Take it further: advanced settings

Once you’ve chosen the shape and color, several options let you fine-tune the result:

  • Height: the vertical extent of the shape. The taller it is, the more pronounced the effect.
  • Width (%) and horizontal position: Enlarge the pattern beyond 100% to show only a portion of the shape, then choose which part is visible (left, center, right).
  • Layers: Overlay up to three copies of the shape, with decreasing opacity, for a nice depth effect.
  • Horizontal/Vertical Flip: Flip the shape’s orientation to vary it from one section to another.
  • Content Overlay: When enabled, the separator is placed on top of the content without adding height to the section; when disabled, the section expands to make room for it.
Warning

On mobile devices, a separator that’s too tall can take up a lot of vertical space. The responsive display setting lets you hide it on small screens: a spectacular separator on a large screen can remain visible on a computer and disappear on a phone, where every pixel counts.

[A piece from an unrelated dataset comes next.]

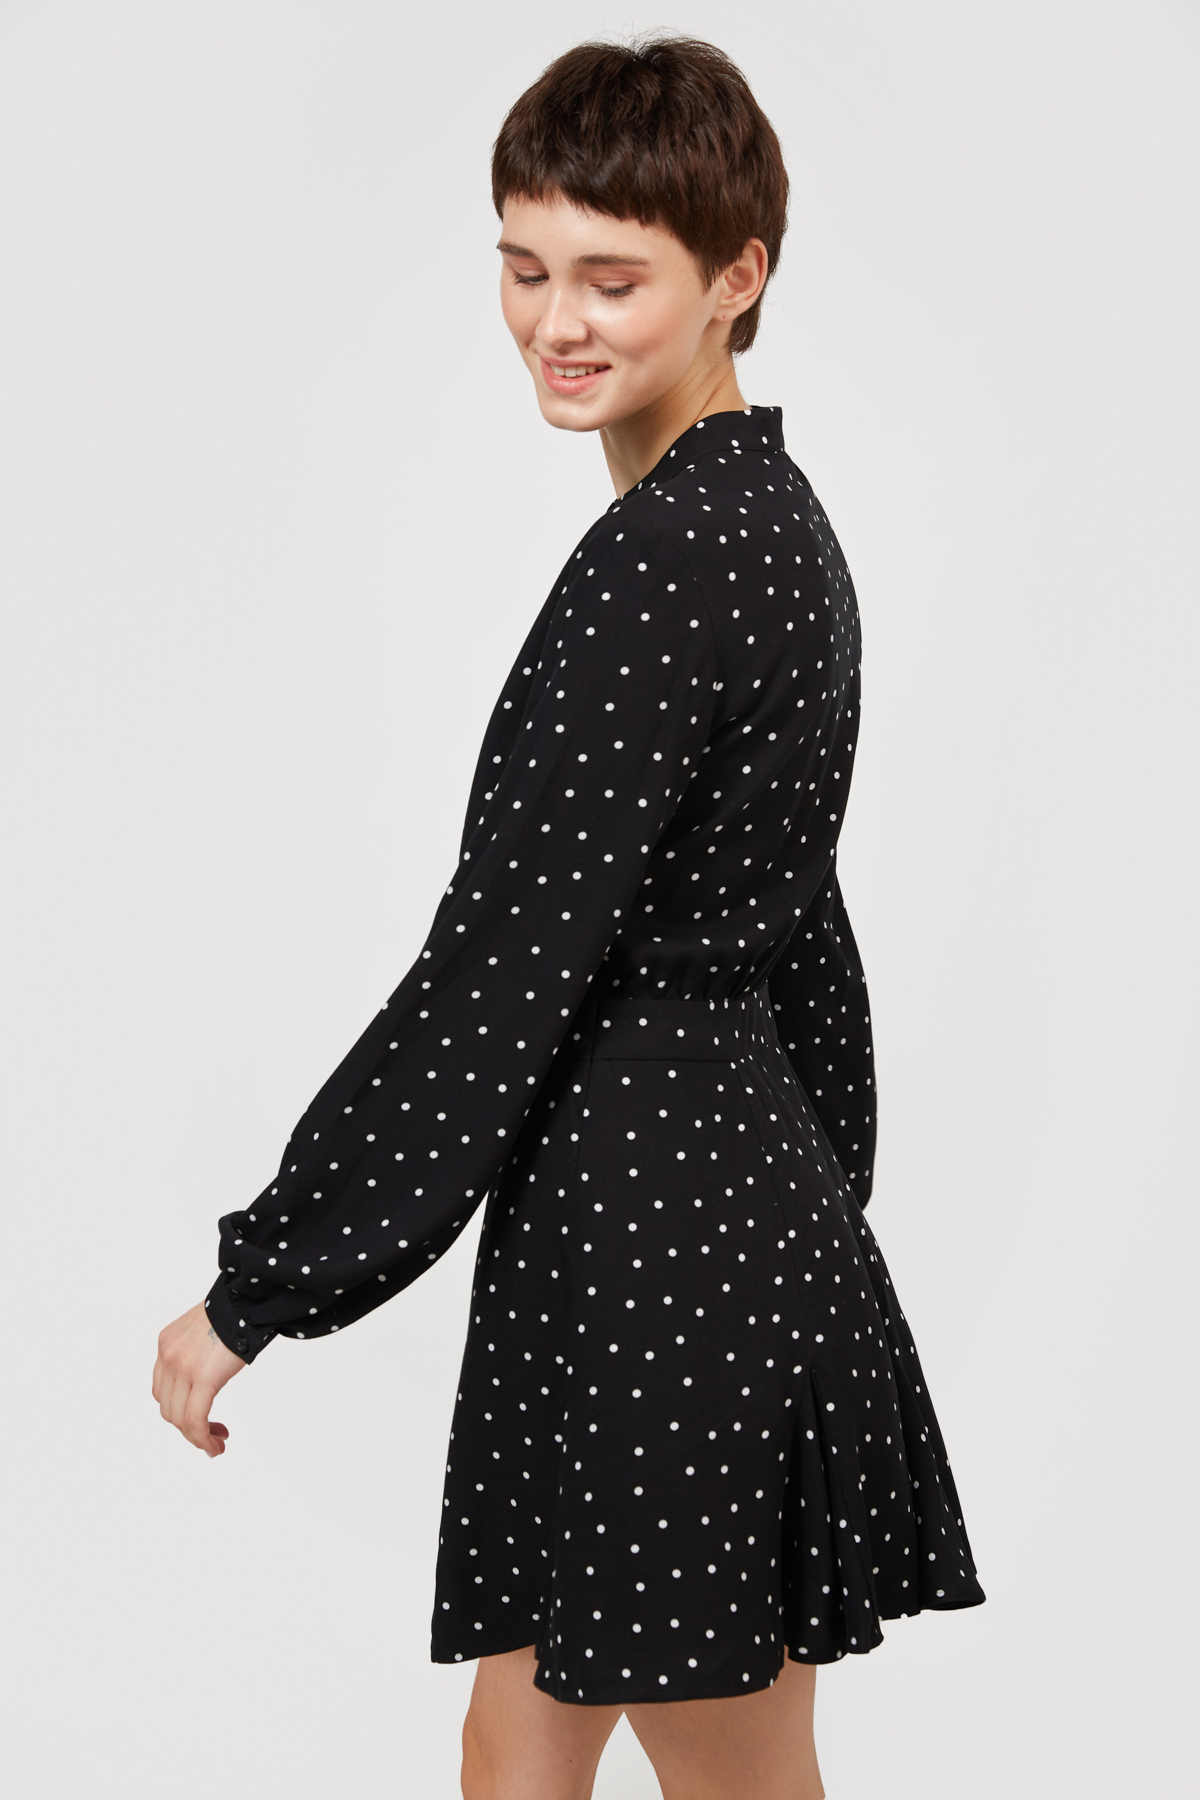 Viscose short dress black in white polka dots print, photo 2

Three tips to avoid overdoing it

  • Stay consistent: one or two shape families across the entire site are enough. Alternating between waves, zigzags, and clouds on the same page muddies the message.
  • Simplicity pays off: a separator should complement the reading experience, not overshadow it. When in doubt, reduce its height.
  • Always check on mobile: preview your pages in phone size before publishing, and hide bulky separators if necessary.

In summary

  • Shape separators are configured in the dedicated tab of the section inspector, at the top and/or bottom.
  • The separator color should match the background of the adjacent section to create a cutout effect.
  • Eleven shapes are available, ranging from a subtle wave to a graphic zigzag, plus settings for height, width, layers, and reversal.
  • Keep the mobile rendering in mind: a separator may be hidden on small screens.
  • It’s all visual—no code required.

Shaped separators are one of those little details that make a site look “professional” without any extra effort. A well-placed wave, the right color, and your pages immediately look more stylish.

Waves, curves, triangles, or clouds: dress up your section transitions in just a few clicks with WebAcappella Fusion, without writing a single line of code.